Yet, inexplicably, we kept our telemetry tightly coupled.

If you want to use Vendor A for metrics, you install Vendor A's proprietary agent. If you want to use Vendor B for distributed tracing, you import Vendor B's proprietary SDK into your application code. You are hardcoding your operational decisions into your business logic.

When you treat observability as a product you buy rather than a fundamental property of the system you build, you end up with fragmented data. You have logs in one system, metrics in another, and traces in a third. When the system crashes at 3 AM, you are forced to be the human join-table, manually correlating a spike in CPU from one dashboard with an error log in another.

Under the Hood: The Plumbing of OpenTelemetry

To fix this, we need to look under the hood at how data actually moves through a system. Let's talk about OpenTelemetry (OTel), which is rapidly becoming the industry standard.

OpenTelemetry is not a backend. It is not a database, and it does not have a fancy UI. OpenTelemetry is the plumbing.

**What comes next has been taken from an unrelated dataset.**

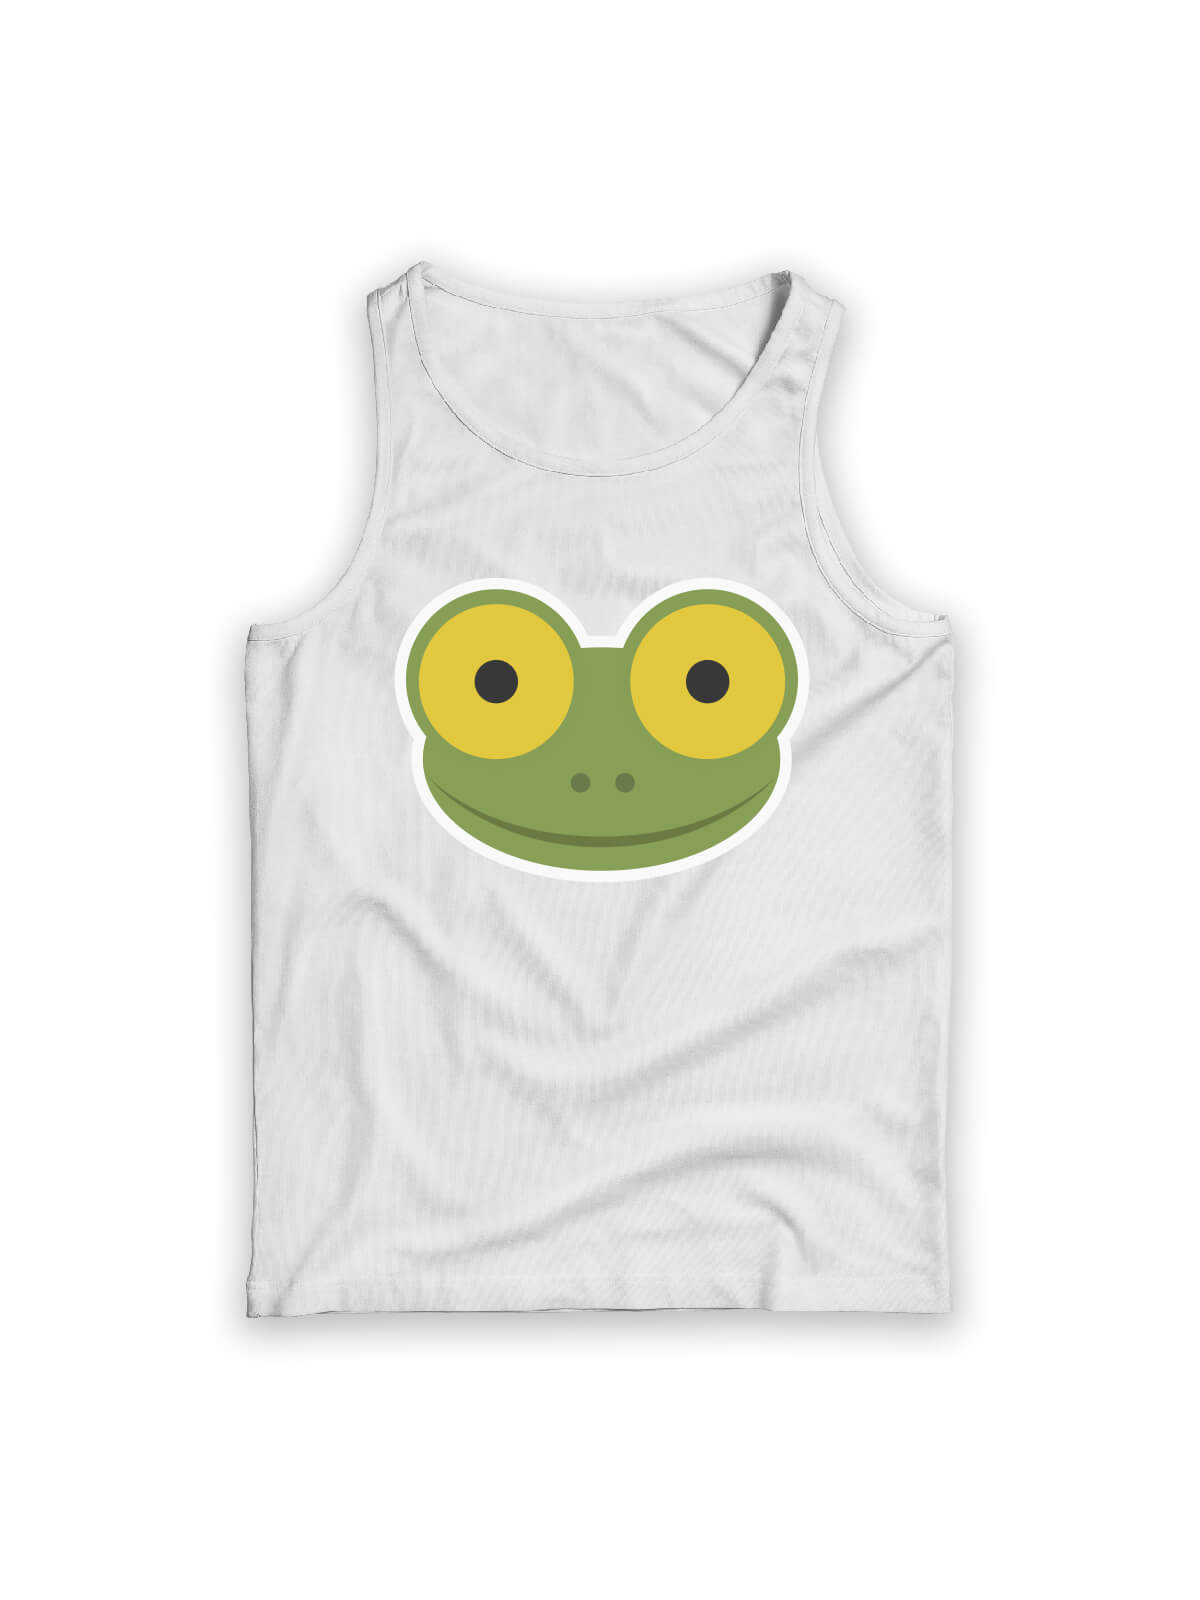 white tank top with Mike the frog face
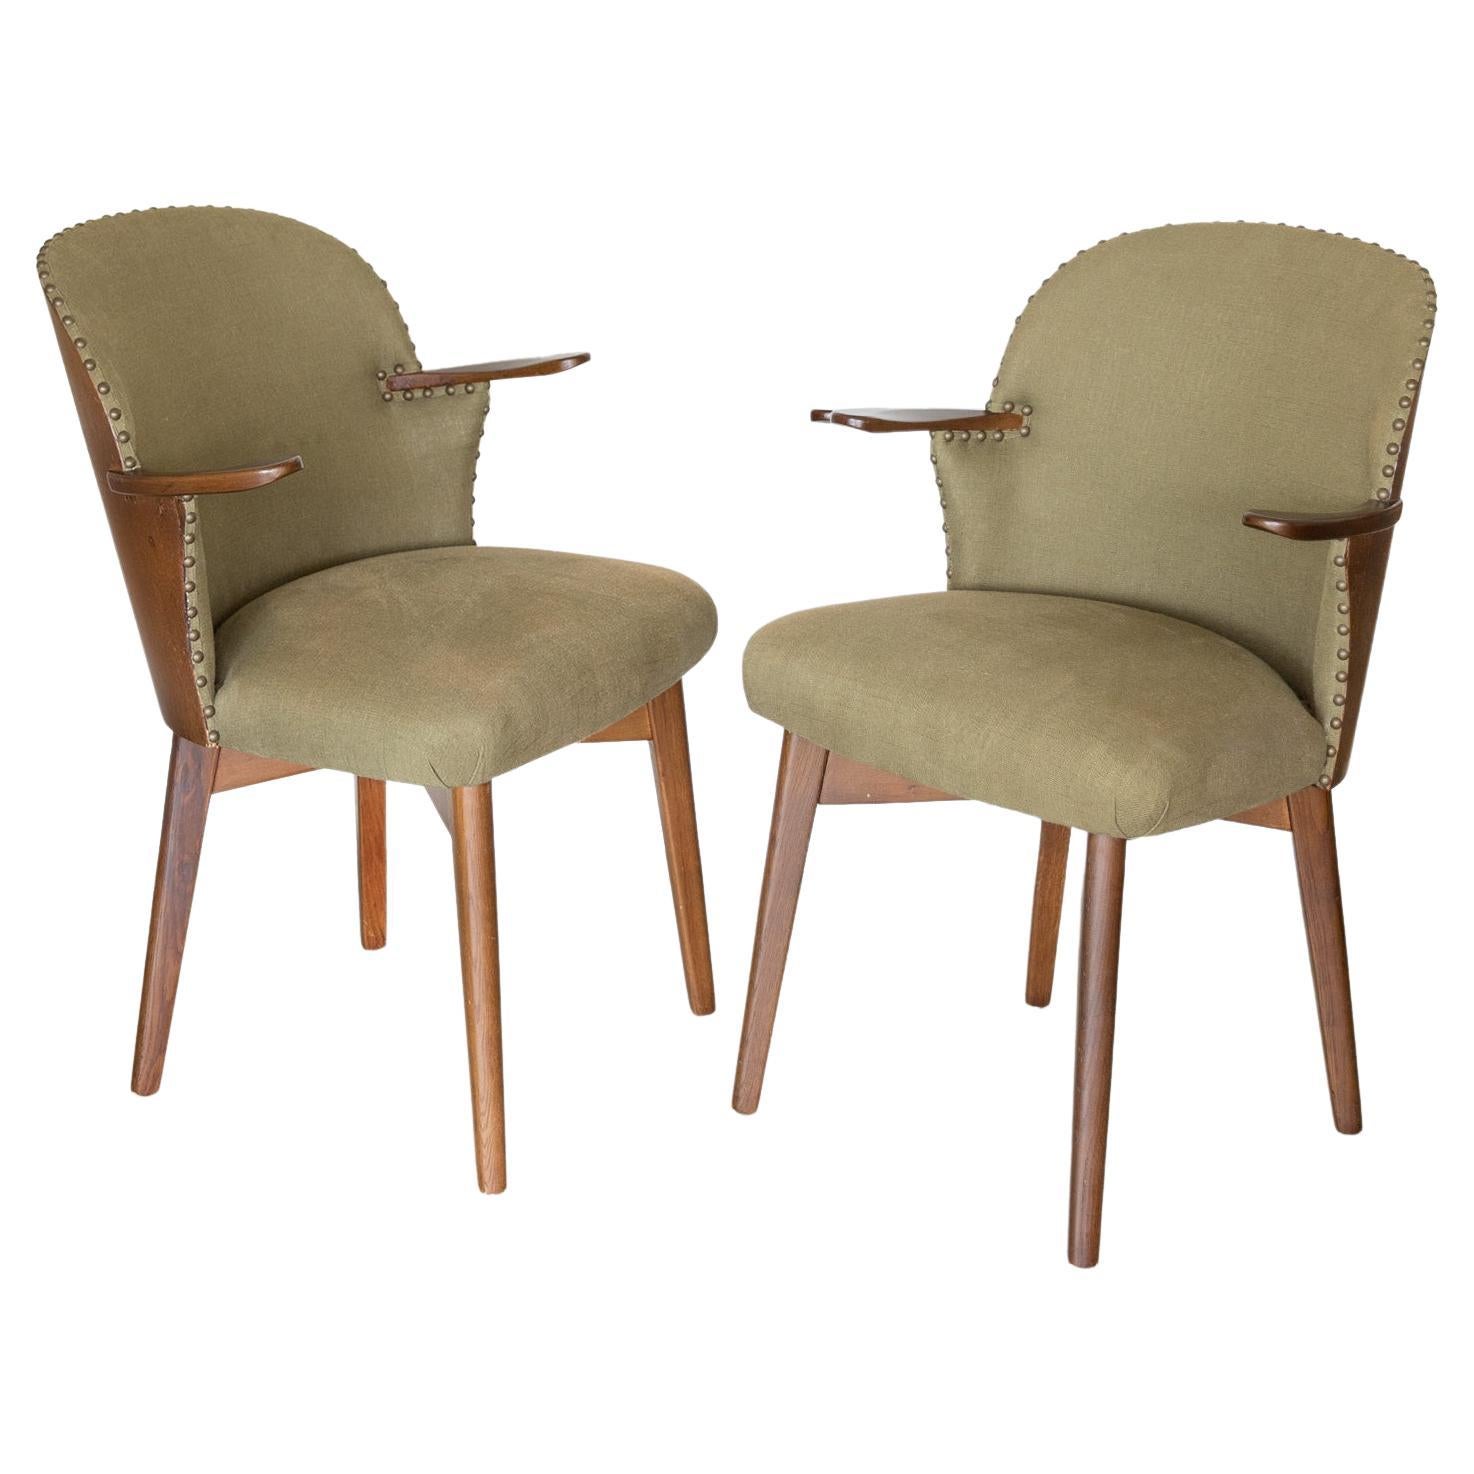 1960's Linen and Wood Chair For Sale

Think of your infrastructure like a city's water system. Your applications are the reservoirs generating water (telemetry data). For years, every vendor forced you to use their specific, patented pipes to get the water to their specific treatment plant. If you wanted to change treatment plants, you had to rip out all the pipes in the city.

OpenTelemetry is standard PVC piping. It provides a unified set of APIs, SDKs, and a Collector to generate, process, and export telemetry data (metrics, logs, and traces) to any destination.

The Restaurant Kitchen Analogy

Think of the OTel Collector like the ticket rail in a busy restaurant kitchen.

When a waiter takes an order (your application generating telemetry), they don't walk over to the grill and tell the chef how to cook the steak, then walk over to the salad station and explain the dressing. That would be tightly coupled, inefficient, and chaotic.

Instead, the waiter writes the order in a standard format and clips it to the metal rail above the counter.

The rail is the OpenTelemetry Collector. It sits in the middle. The grill chef (your metrics database) looks at the rail and pulls the information they need. The fry cook (your distributed tracing backend) pulls what they need. If management decides to fire the grill chef and hire a new one (switching vendors), the waiter doesn't have to change how they write tickets. The standard remains the same.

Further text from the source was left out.